* Dataset entries
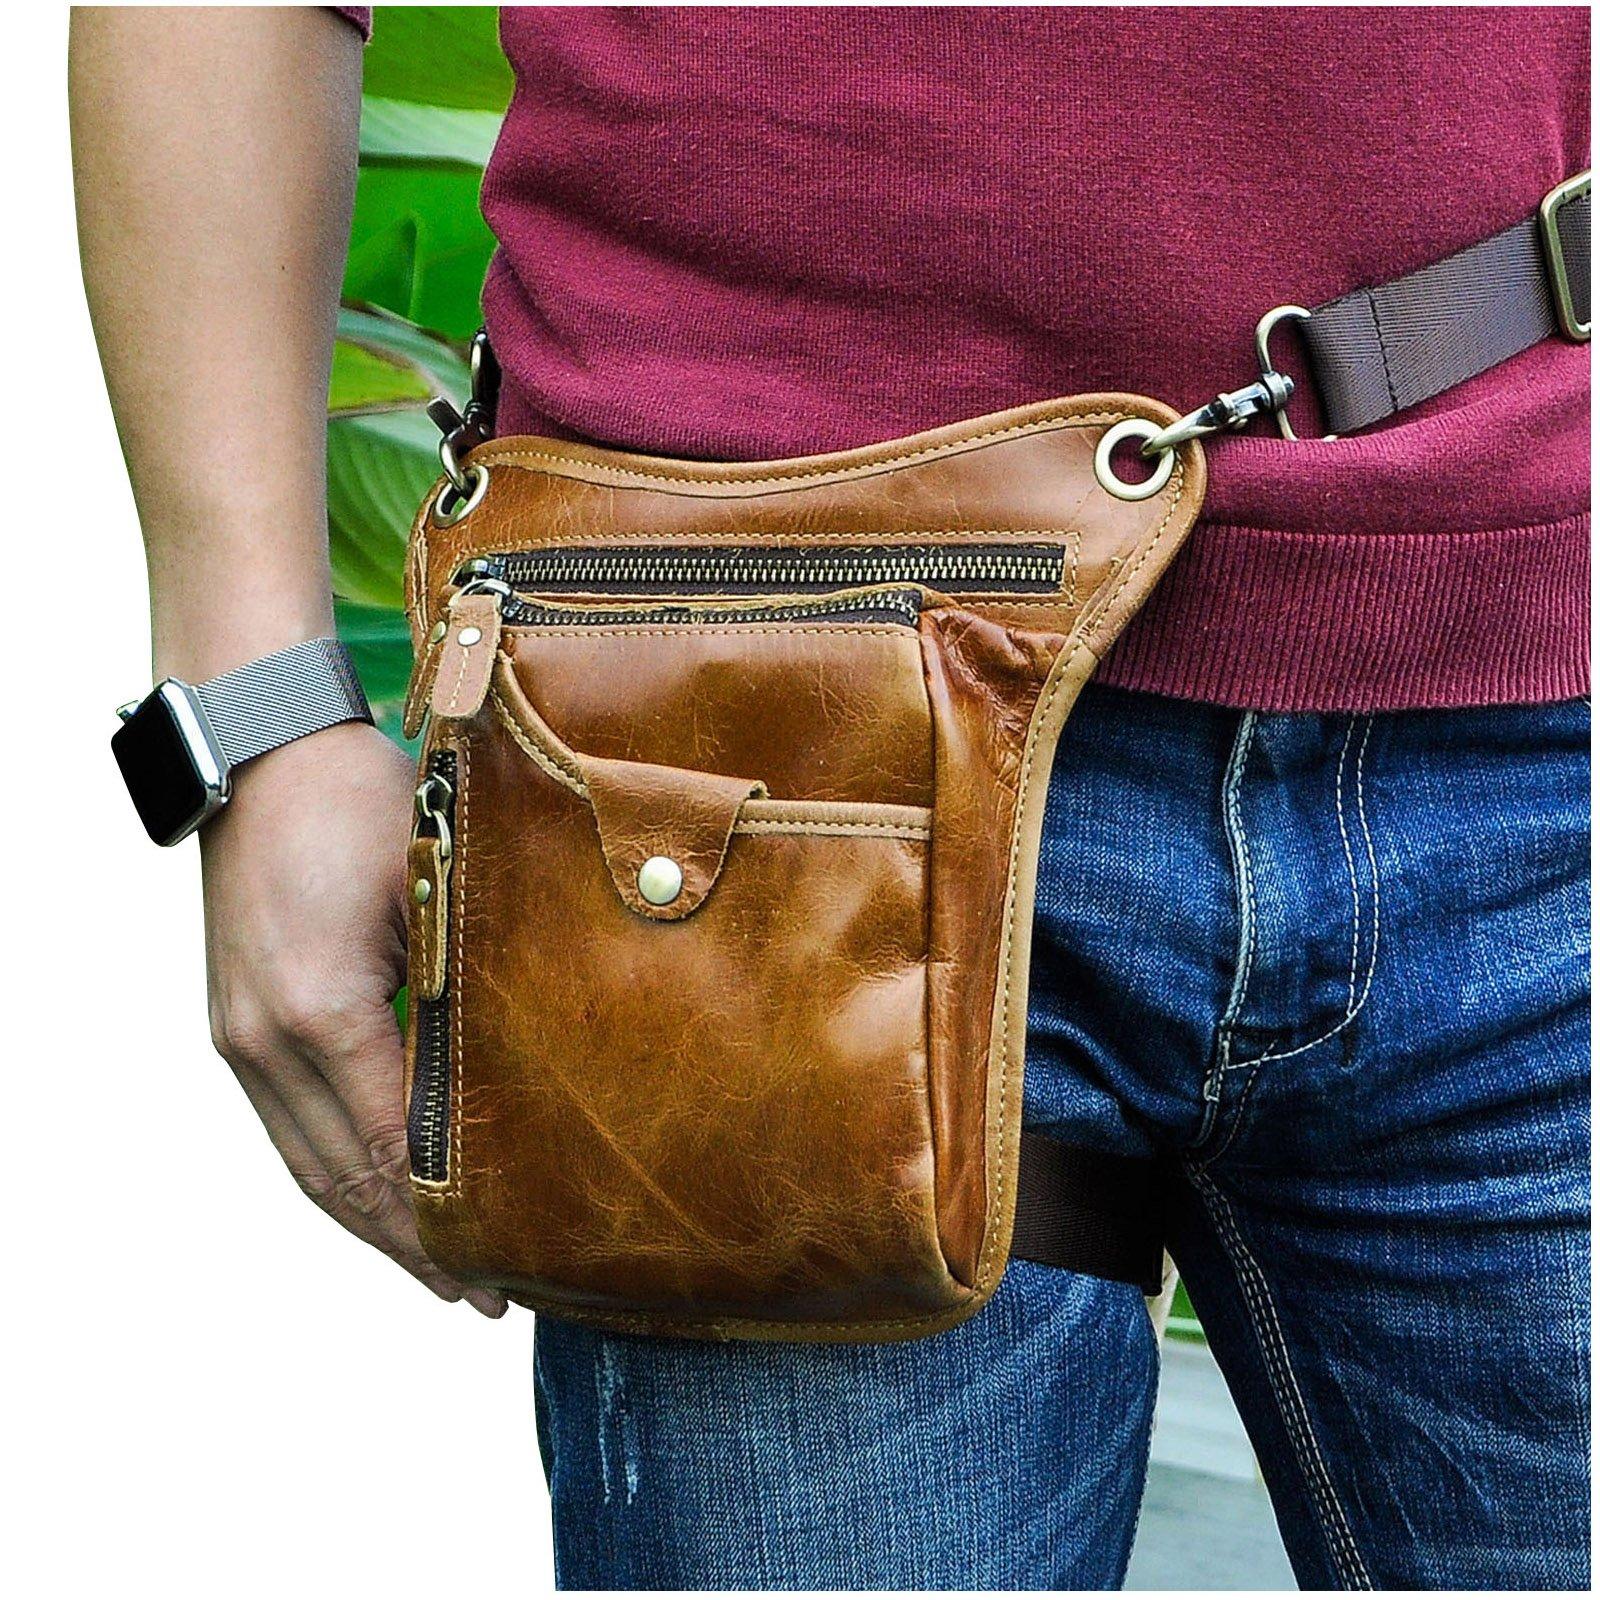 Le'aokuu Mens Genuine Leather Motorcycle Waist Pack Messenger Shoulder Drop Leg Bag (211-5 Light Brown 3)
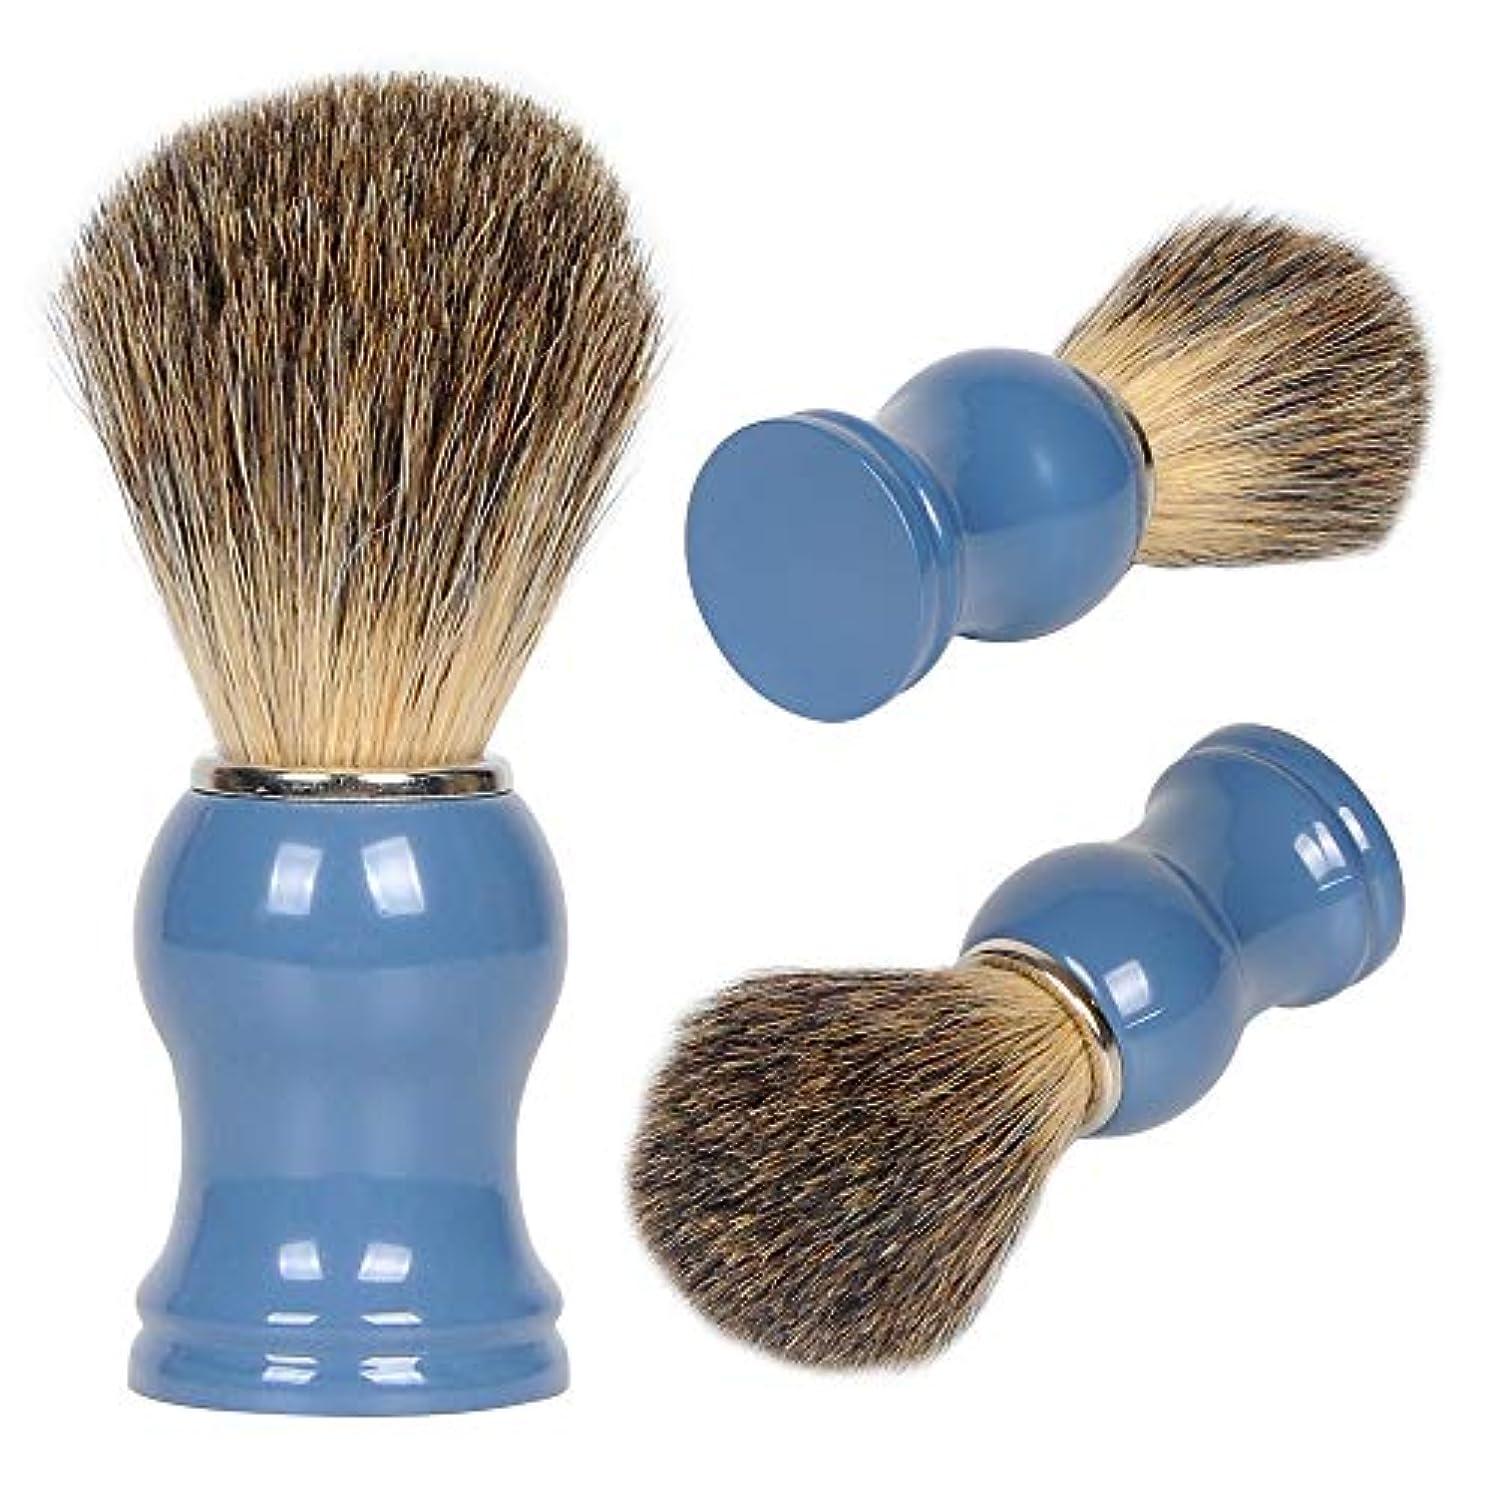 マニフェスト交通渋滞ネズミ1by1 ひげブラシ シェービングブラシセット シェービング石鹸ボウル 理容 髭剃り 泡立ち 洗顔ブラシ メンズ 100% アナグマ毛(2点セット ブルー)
...
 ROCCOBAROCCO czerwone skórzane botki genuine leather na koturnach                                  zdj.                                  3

* Exercise goal
The lines above starting at the one that holds "Le'aokuu Mens Genuine" and ending at the one that holds "マニフェスト交通渋滞ネズミ1by1 ひげブラシ シェービングブラシセット" are to be written out exactly, ends included, and no pictures are to be copied.

* Solution to the problem
 Le'aokuu Mens Genuine Leather Motorcycle Waist Pack Messenger Shoulder Drop Leg Bag (211-5 Light Brown 3)
 マニフェスト交通渋滞ネズミ1by1 ひげブラシ シェービングブラシセット シェービング石鹸ボウル 理容 髭剃り 泡立ち 洗顔ブラシ メンズ 100% アナグマ毛(2点セット ブルー)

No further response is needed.